Engineers love to use what they like, and they love having source code access. The Linux world reviles Windows, yet the Linux world, while it rules the server, has a tough time on the desktop save for those die hard souls that love it. They each have their place, but I sure do like to see hard evidence for what that place is.

For me, only a few things seem to fit that hard evidence criteria:

- A hardware motion control device outboard is not a bandaid, it's a means of delivering better performance that's been proven on many a commercial grade control. It can help either Mach3 or EMC to achieve higher goals.

- EMC is far more configurable than Mach3, if only because you get the source code. If I had to retrofit a really idiosyncratic machine, I'd likely have an easier time doing it with EMC. But, we have to consider that most machines are not so idiosyncratic.

- Mach3 is easier to set up out of the box for a straightforward machine, especially for those that do not know Linux. There also seems to be a much larger community of users and ecosystem providers for Mach3, though the EMC community is certainly spirited. In other words, I can get more off the shelf accessories for Mach3, and more online help from users.

- As far as the whole closed loop/open loop thing goes, we have uncovered a few EMC advantages:

1. Rigid tapping is possible. BTW, I plan to write an article on this soon as there are many variations and degrees of rigid tapping, and while it sounds cool, there is a lot involved before it delivers parts faster and more cheaply.

2. Glass scale feedback. I still say this is a BIG deal for EMC if you are trying to make a machine super accurate. It kills a lot of birds with one stone--thermal expansion of various machine parts and leadscrew errors being just two. I wish guys like KFLOP would look at what it might take to build this in below the level of Mach3, as it doesn't look like Mach3 is internally set up to deal with it. If Mach3 was sending idealized commands and the KFLOP or other device "accurized" those commands with glass scale feedback, it would be pretty awesome.

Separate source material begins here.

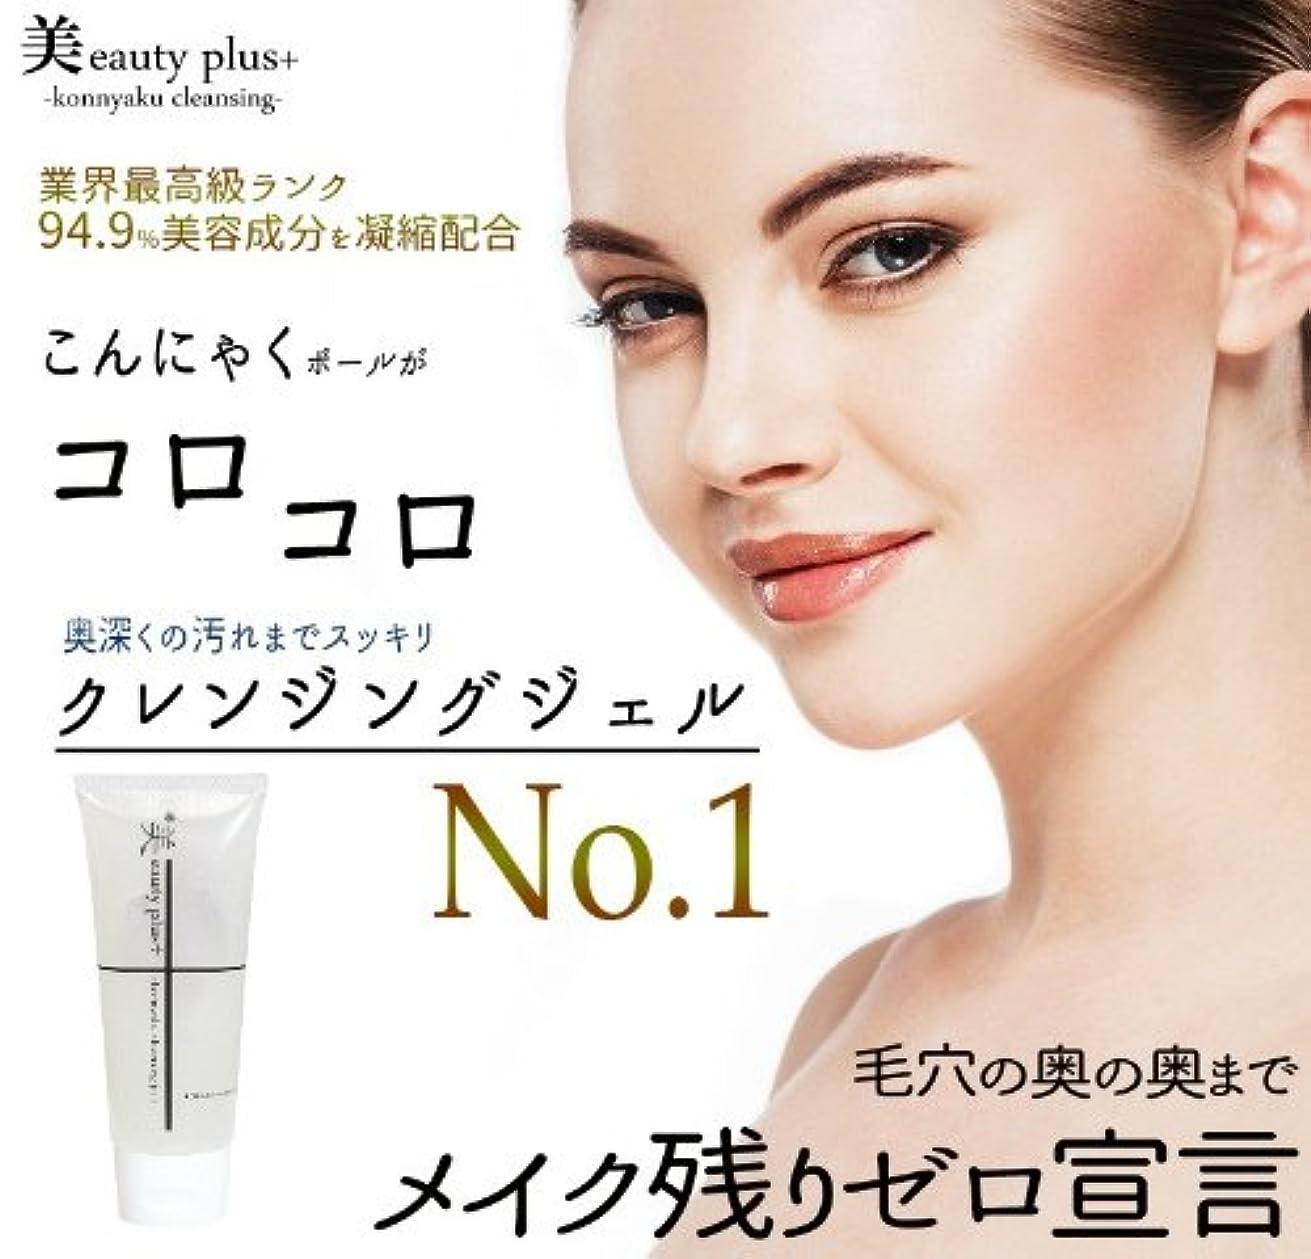 モデレータ飽和する悪性の美eauty Plus+ Konnyaku Cleansing Jel
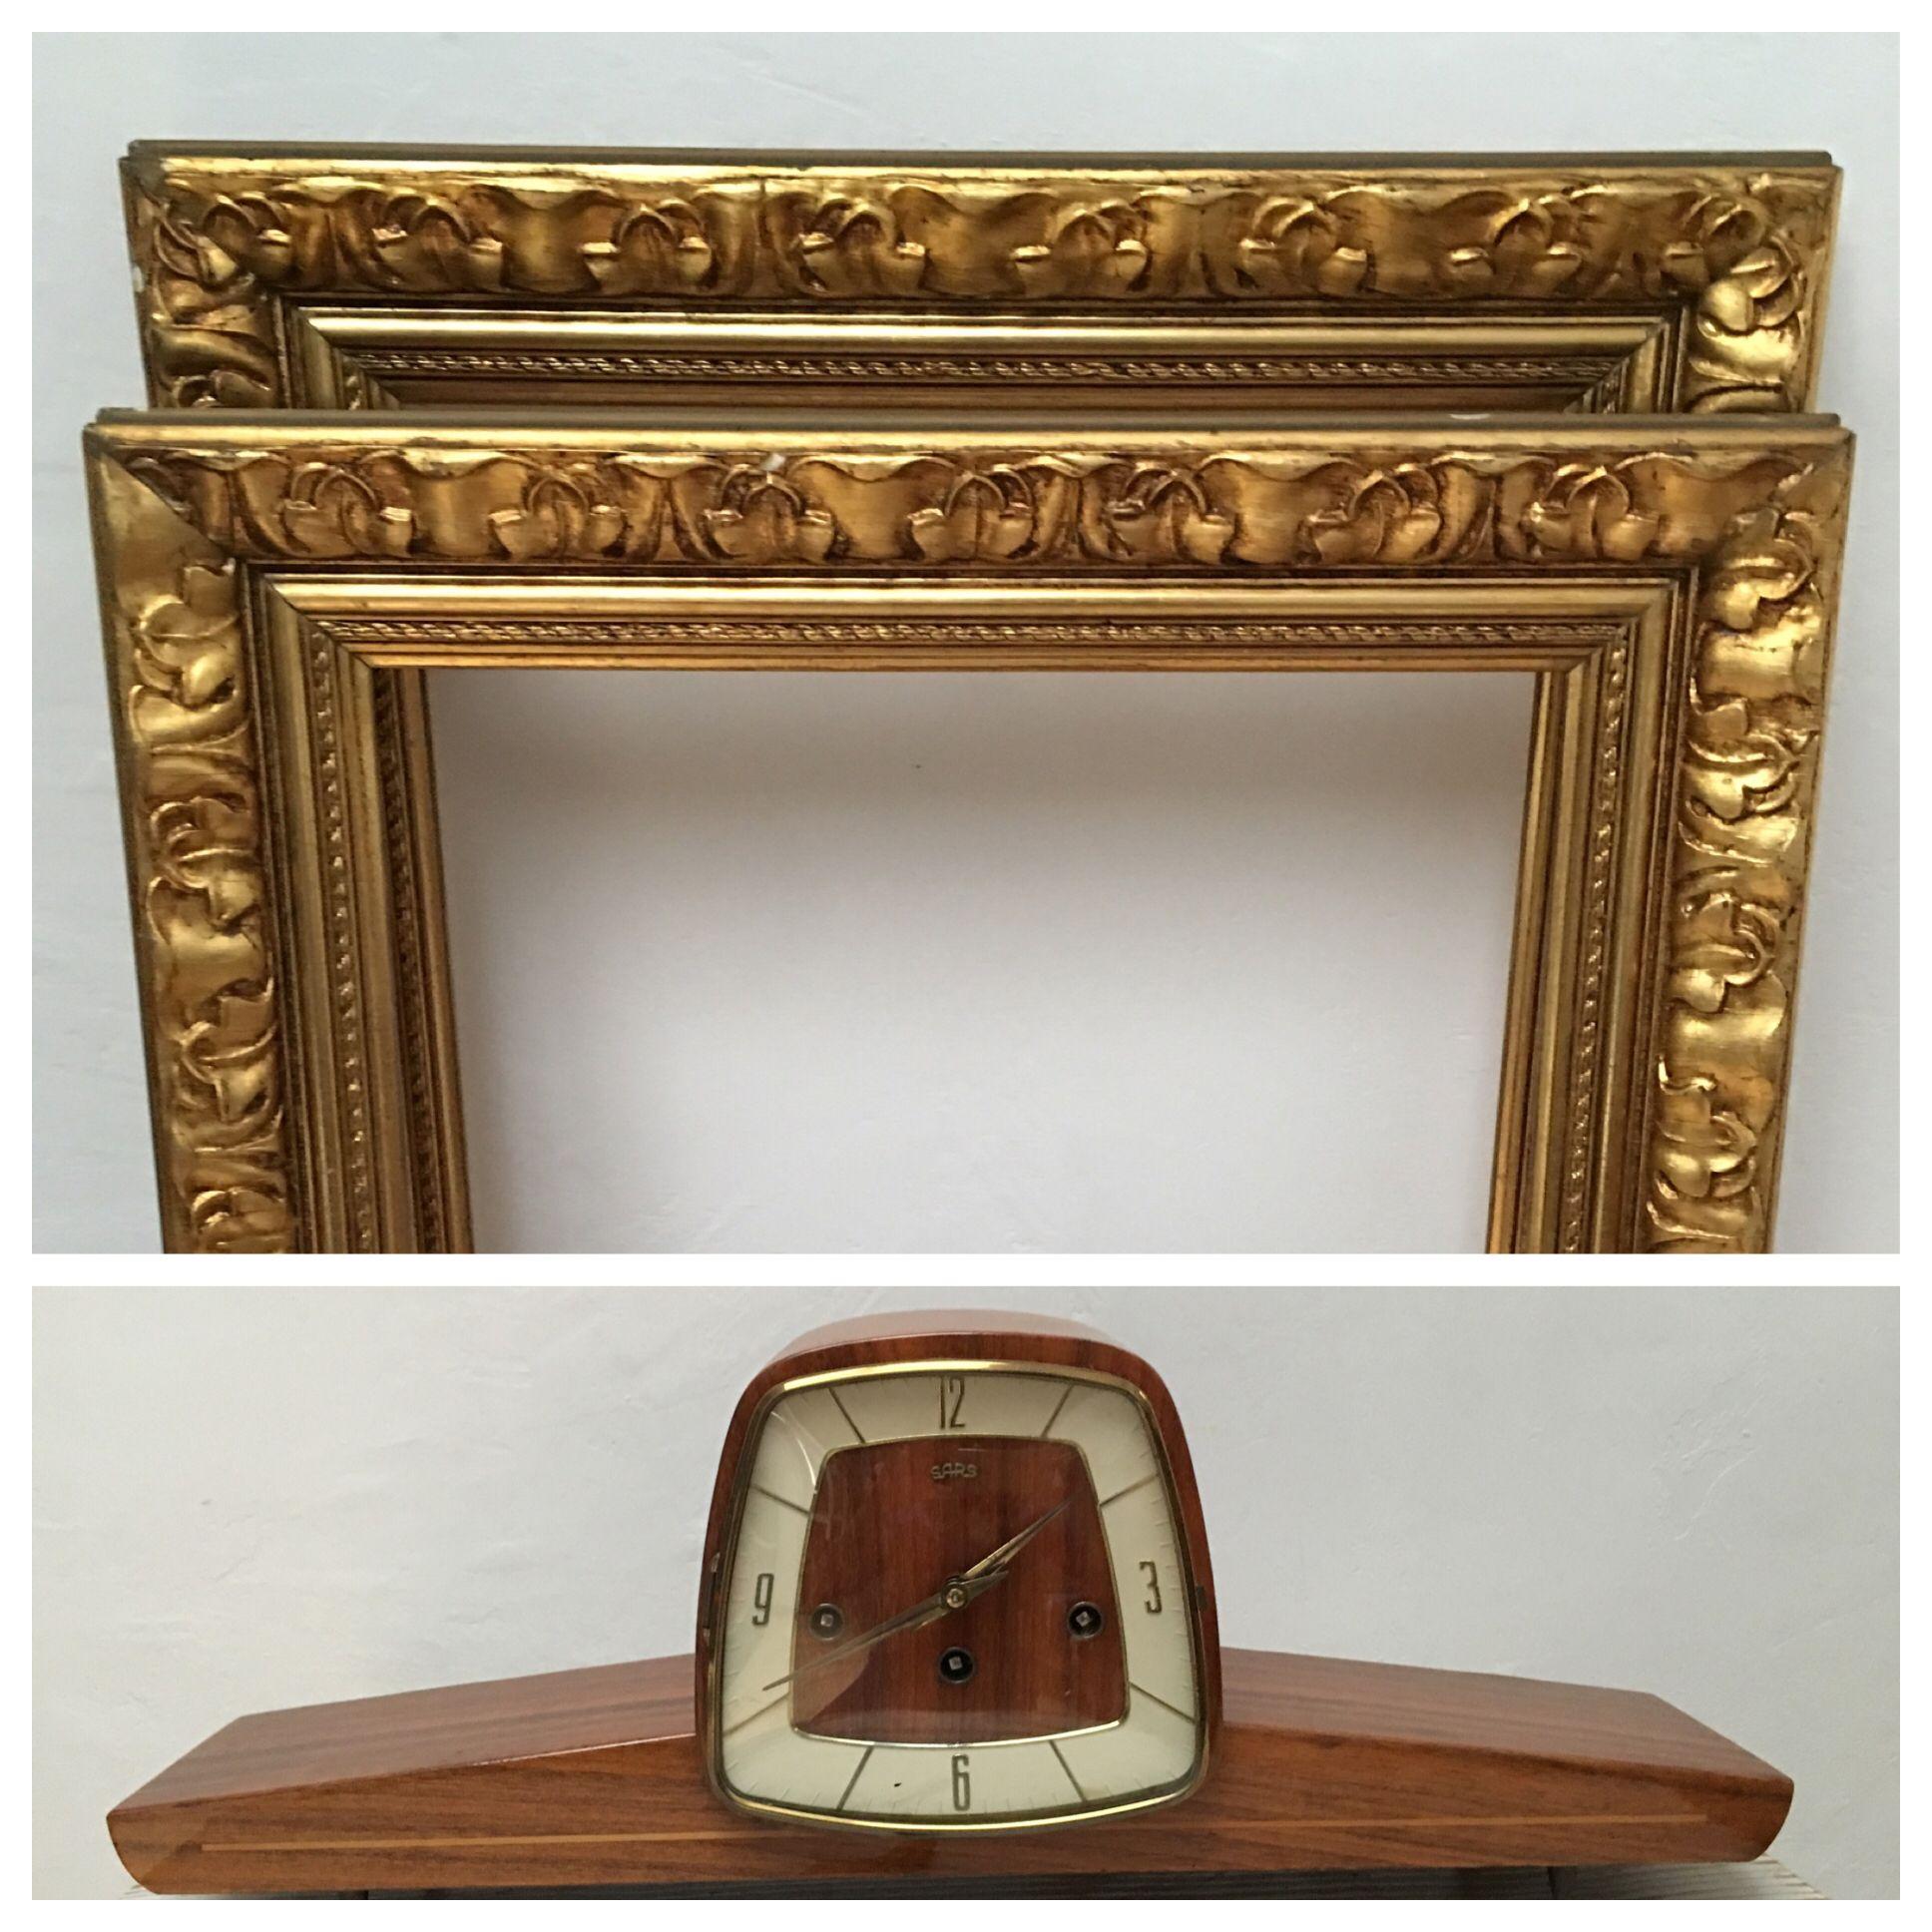 Tu tienda online vintage | Marcos dorados, Relojes antiguos y ...

3. A bunch of other minor stuff in the category of "No need to home after E-Stop" or "Can change the fault limit on following error." Not sure this stuff adds much to real productivity, though it is interesting.

- There is the recurring cost argument: since EMC does so much in software, I have to buy less hardware, and therefore I get this awesome performance a lot cheaper. I'm still skeptical on this. It doesn't ever count the cost of your time, just the laundry list of hardware for solution "A" vs solution "B". Is the end result really that good, or are we kidding ourselves? There is definitely some performance level where doing it in software is not as good.

Usually when we try to shave too many pennies, we wind up kidding ourselves. It would be great to see some objective testing where the only thing that is being changed is the electronics and software.

- Some sort of discussion should be had around the pace of change of these two platforms. Which one is getting more TLC and new features for a given amount of time? Neither one looks like it is evolving particularly quickly in any event, so maybe this one is a wash.

- Just to be even-handed, let me throw a slap against Mach3--its ring buffer plug-in architecture works, but forces the outboard hardware it accesses to be awfully low level. Would that it was at a high enough level it could accept "pidgin g-code", but it seems to be nowhere close. Making it higher level so the outboard device could start to do some more of the trajectory planning job ought to result in even higher performance, but it seems that Mach's architecture is so layered on the ring buffer model that would be hard to make happen.

It kind of winds up being the Chevy vs Ford conversation of our old hot rodding days, doesn't it? Some of those arguments sure did get heated, LOL!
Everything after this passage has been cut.